During the 2008 season, McClain became the team's primary running-back as he rushed for a team-high 902 yards and 10 touchdowns on 232 carries (3.9 yards per carry). He also caught 19 passes for 123 yards and a touchdown. On December 20, 2008, McClain ran for 82 yards to score the final touchdown in Texas Stadium against the Dallas Cowboys. Along with teammate Willis McGahee's 77-yard touchdown run on the previous Ravens drive, he and McGahee became the first players ever to run two 70+ touchdown runs on back-to-back drives. The run was also the longest run by an opponent in Texas Stadium. In addition, McClain had 139 rushing yards on the day. McClain's performance earned him a Pro Bowl selection, in which he scored a touchdown off of a Fumblerooski play handed off by former Denver Broncos quarterback Jay Cutler. Cutler put the ball between McClain's legs in which he ran in for a touchdown.

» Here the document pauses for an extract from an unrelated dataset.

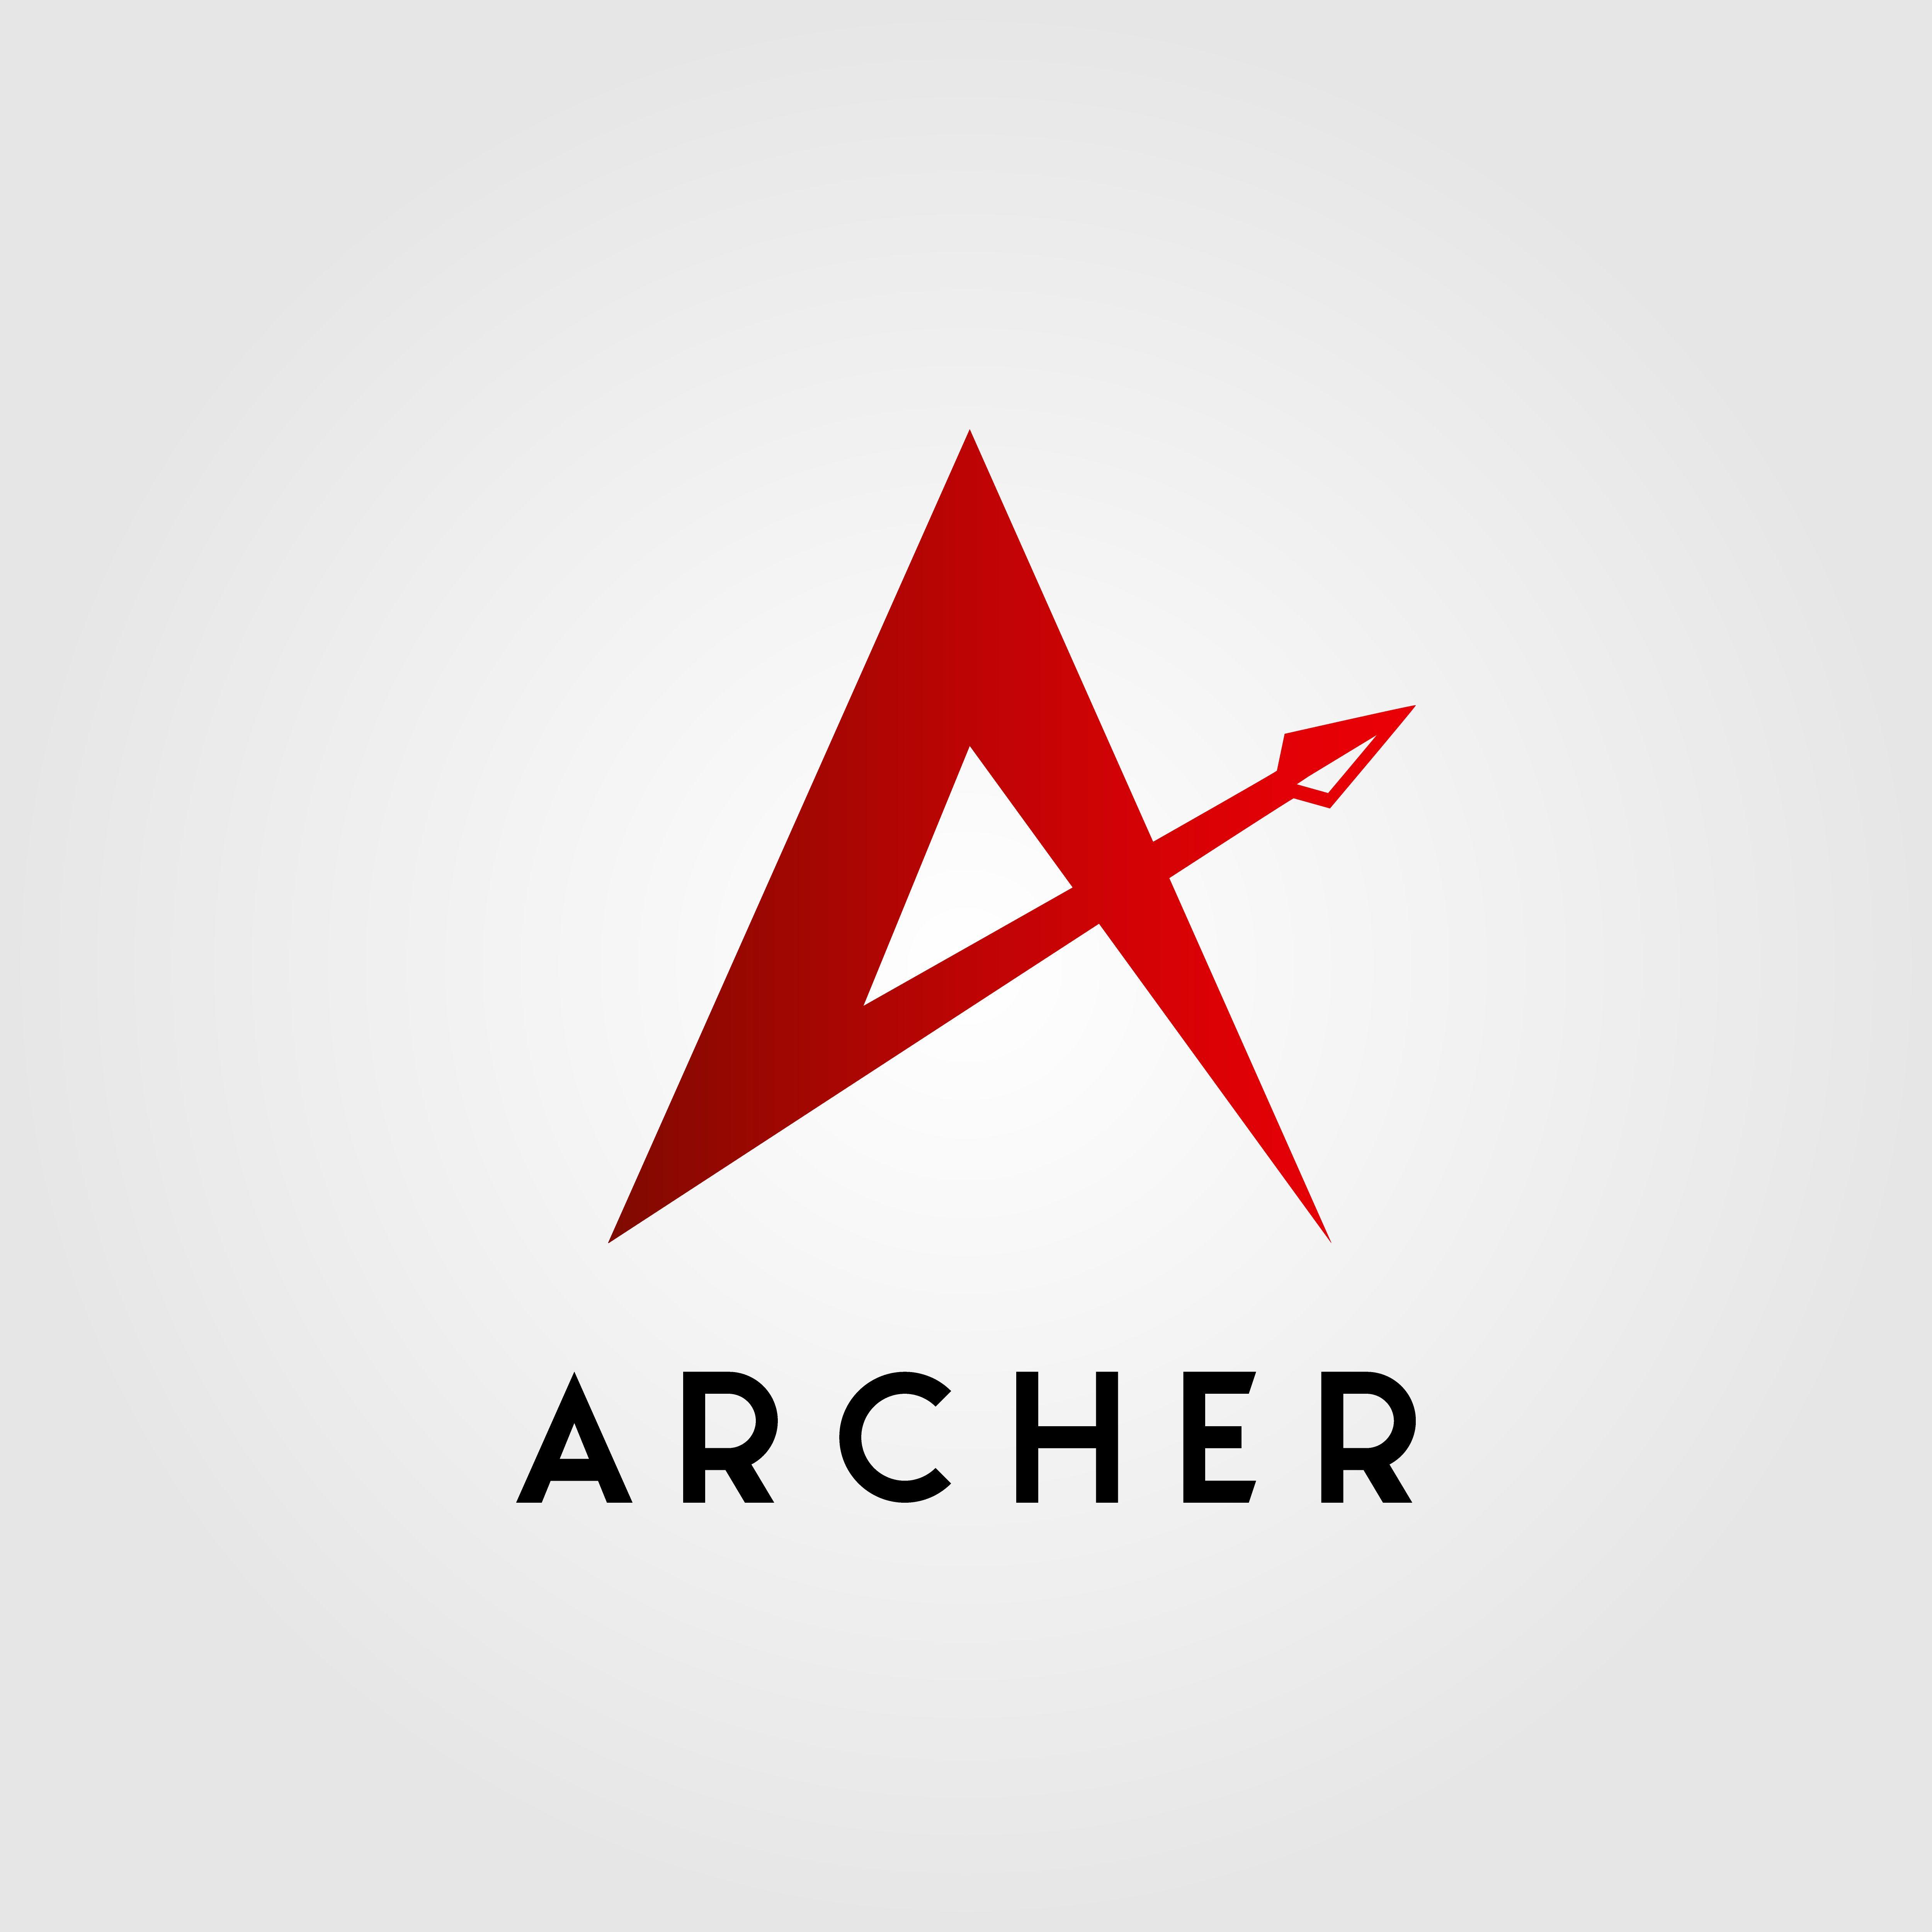 Letter A Letter A Archer Arrow Head Logo Design Vector Illustration Hard Work Up Office Abstract Background Beat Curve Disp Desain Logo Desain

During his last two years as a Raven, McClain lost carries to Willis McGahee and Ray Rice. He publicly complained about not getting enough touches, which led to his departure from the Ravens.

===Kansas City Chiefs===
McClain signed a one-year deal with the Kansas City Chiefs on August 3, 2011, after the Baltimore Ravens signed fullback Vonta Leach.

===San Diego Chargers===
McClain signed a three-year deal with the San Diego Chargers on March 14, 2012.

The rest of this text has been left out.